**Work instructions**: Your job is to give again, exactly and with no additions, the lines in the records below from the one with "Old Man Peabody's" through the one with "Ethernetový kabel cat6", both included. Omit the pictures.

**Dataset records**:
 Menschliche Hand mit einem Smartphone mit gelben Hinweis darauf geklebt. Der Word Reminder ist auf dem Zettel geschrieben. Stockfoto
* * *
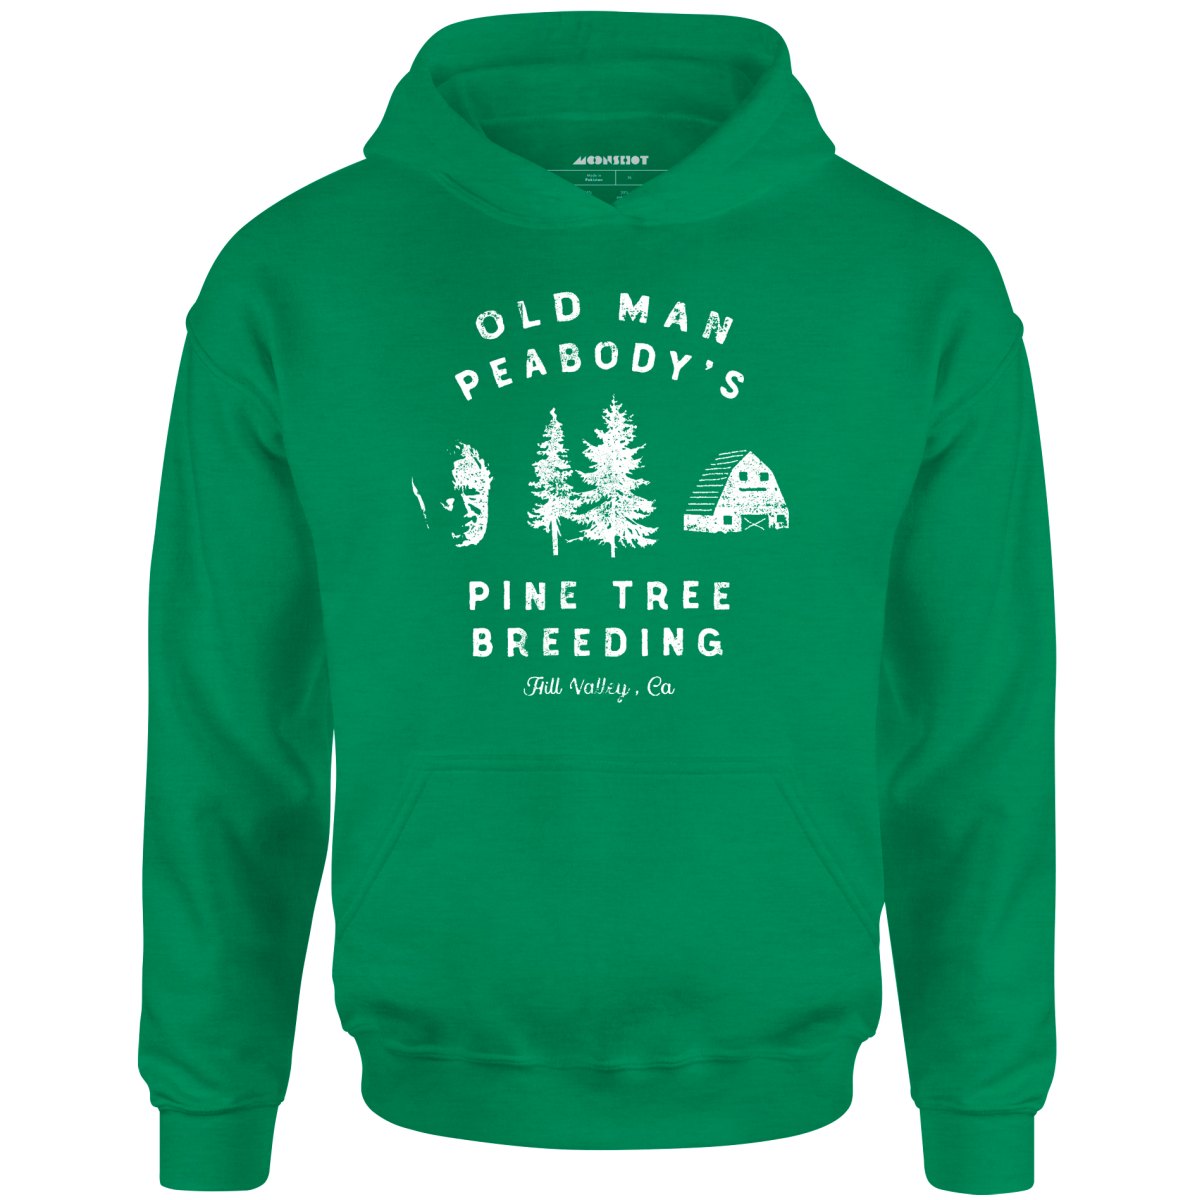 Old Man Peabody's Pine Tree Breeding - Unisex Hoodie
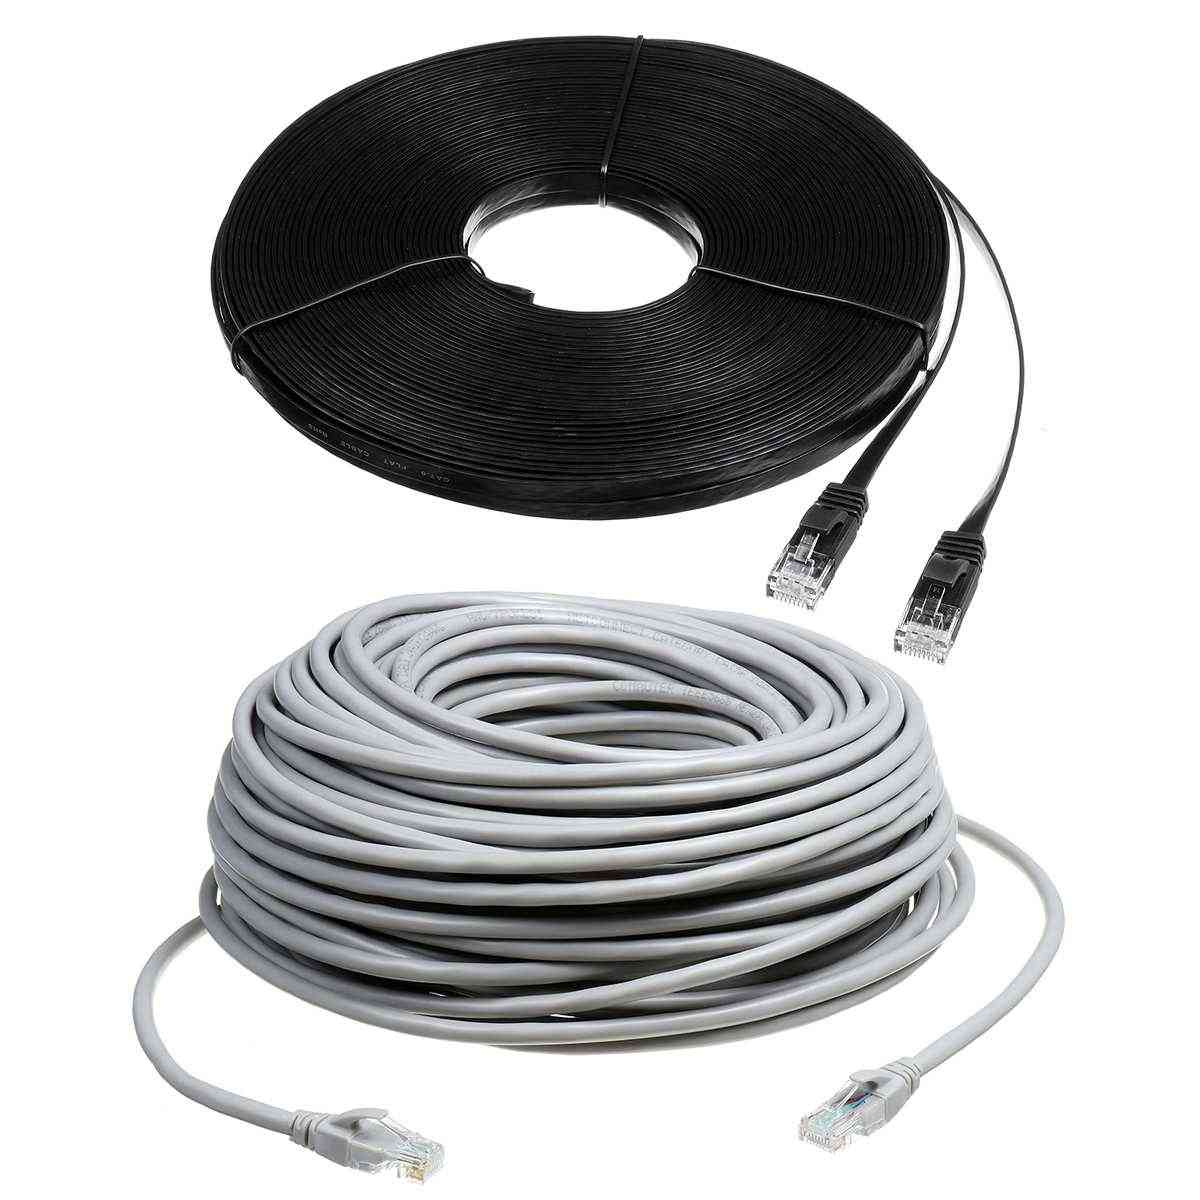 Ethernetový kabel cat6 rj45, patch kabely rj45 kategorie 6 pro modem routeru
--
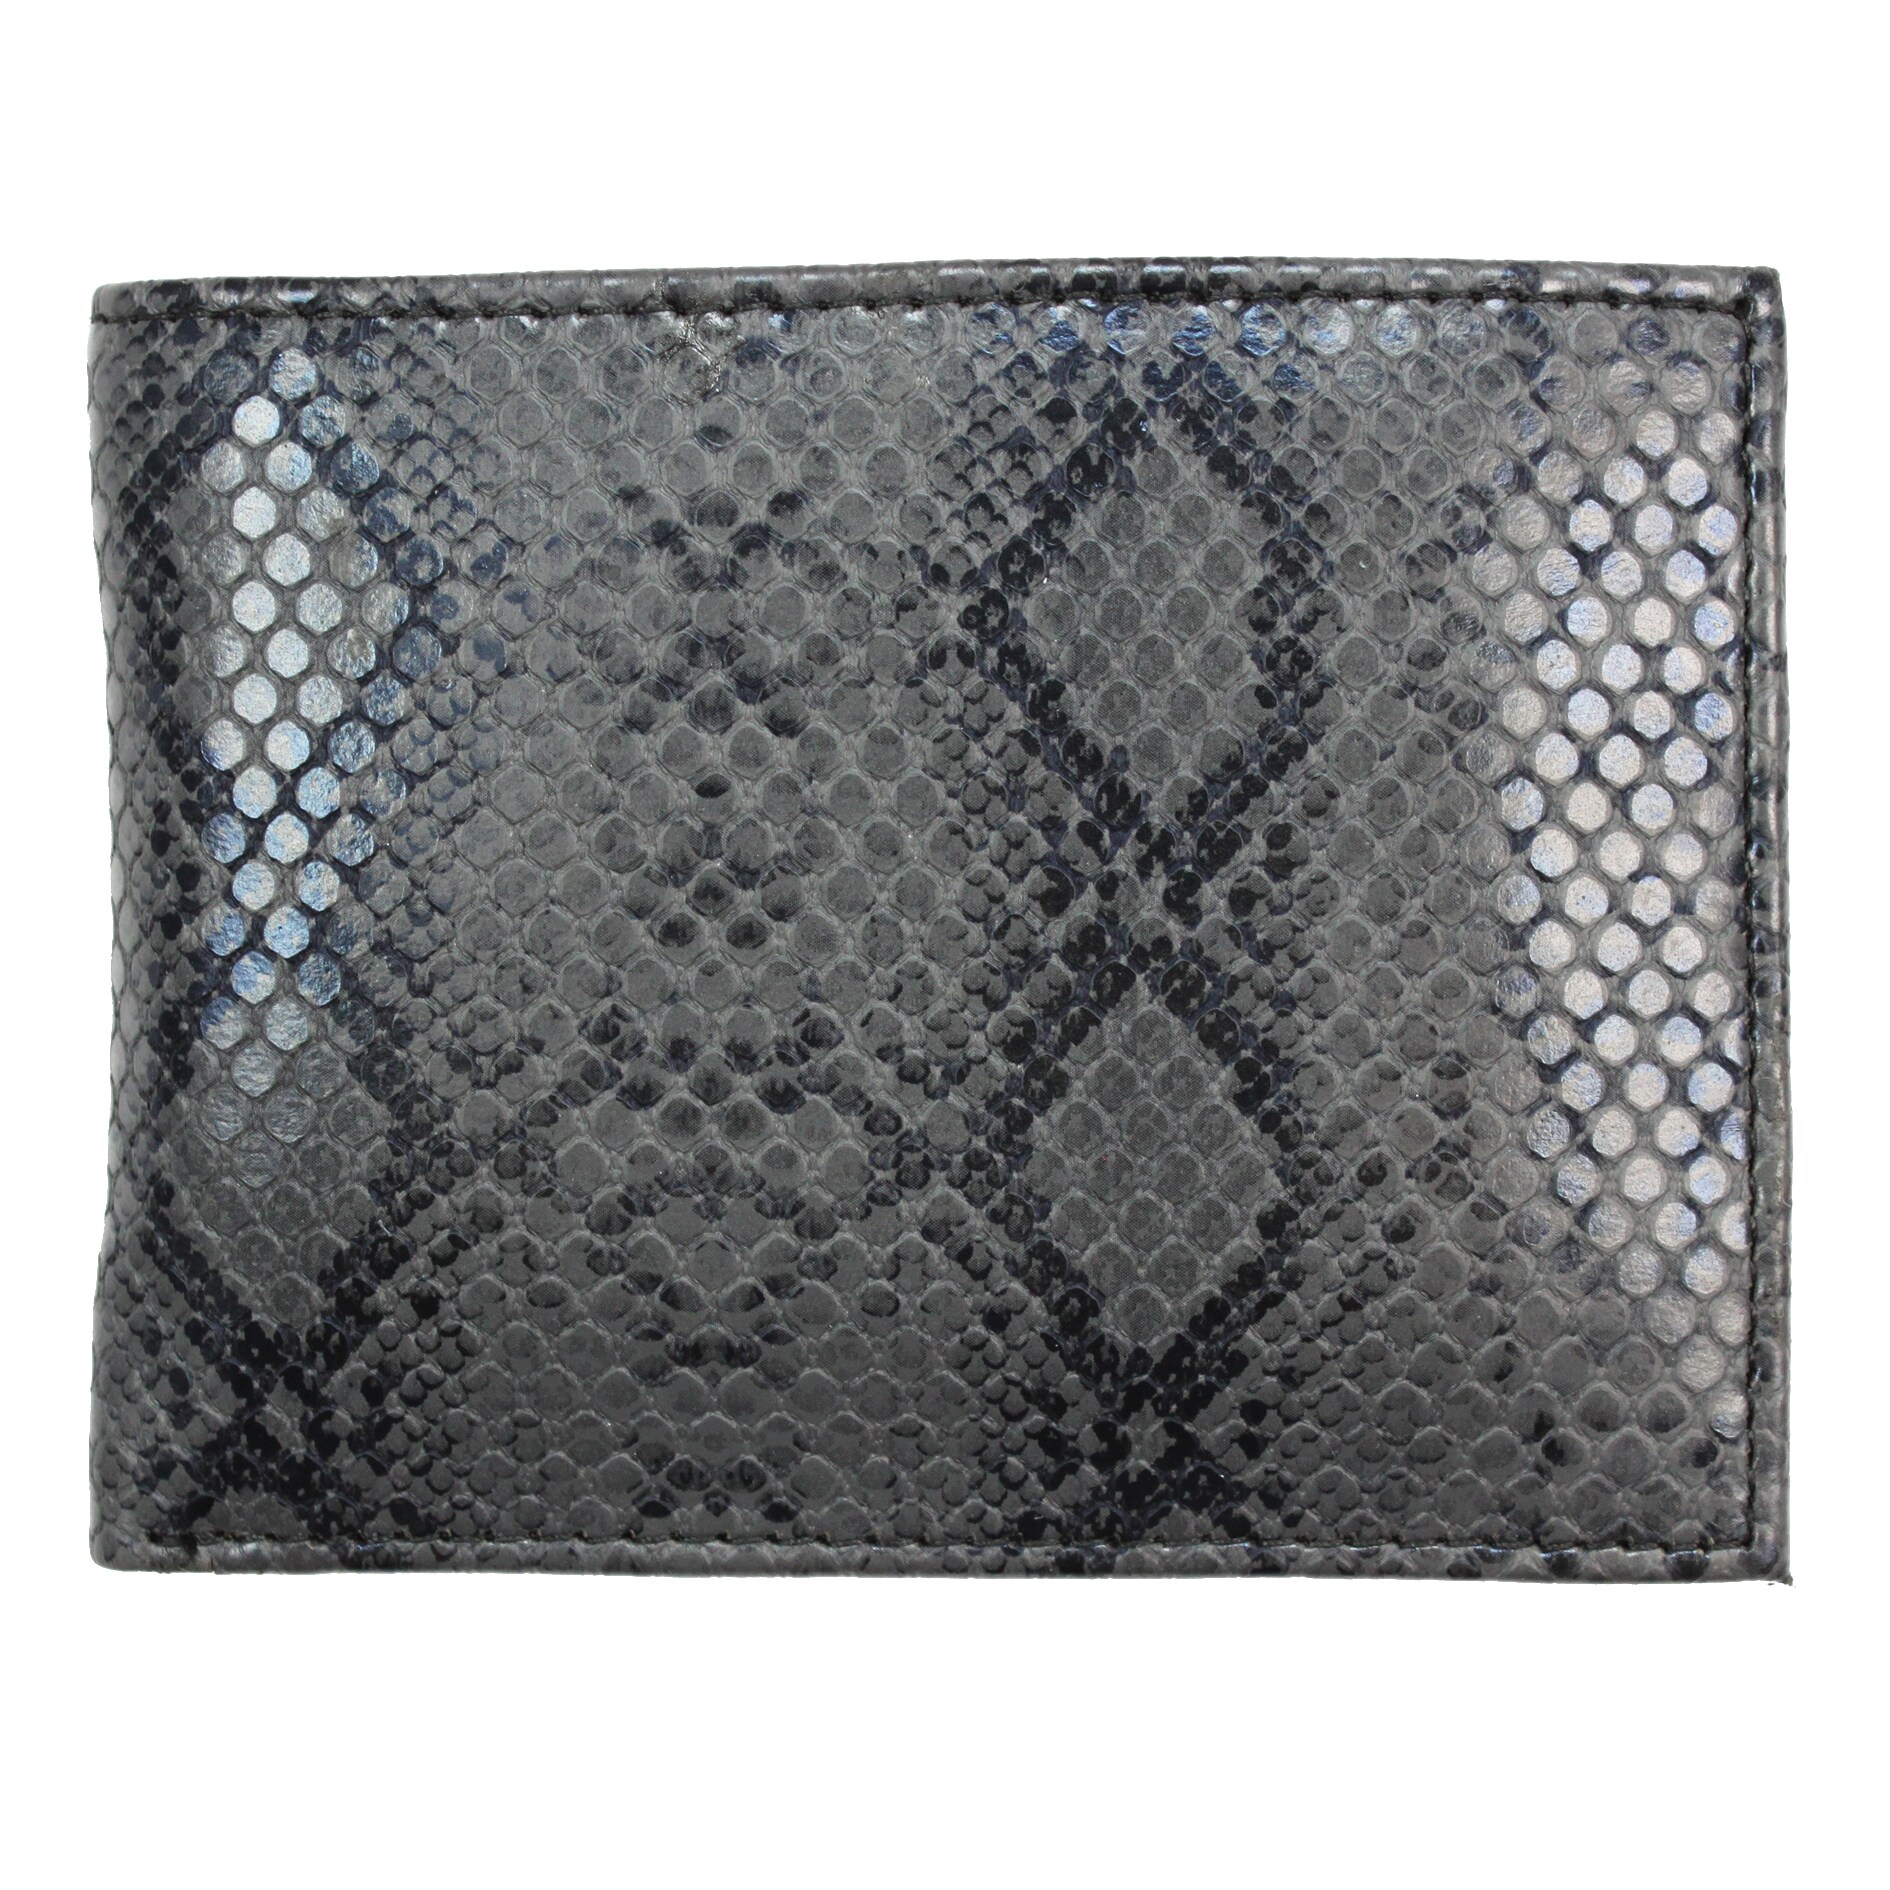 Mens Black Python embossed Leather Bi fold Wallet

**Reply to the exercise**:
 Old Man Peabody's Pine Tree Breeding - Unisex Hoodie
 Ethernetový kabel cat6 rj45, patch kabely rj45 kategorie 6 pro modem routeru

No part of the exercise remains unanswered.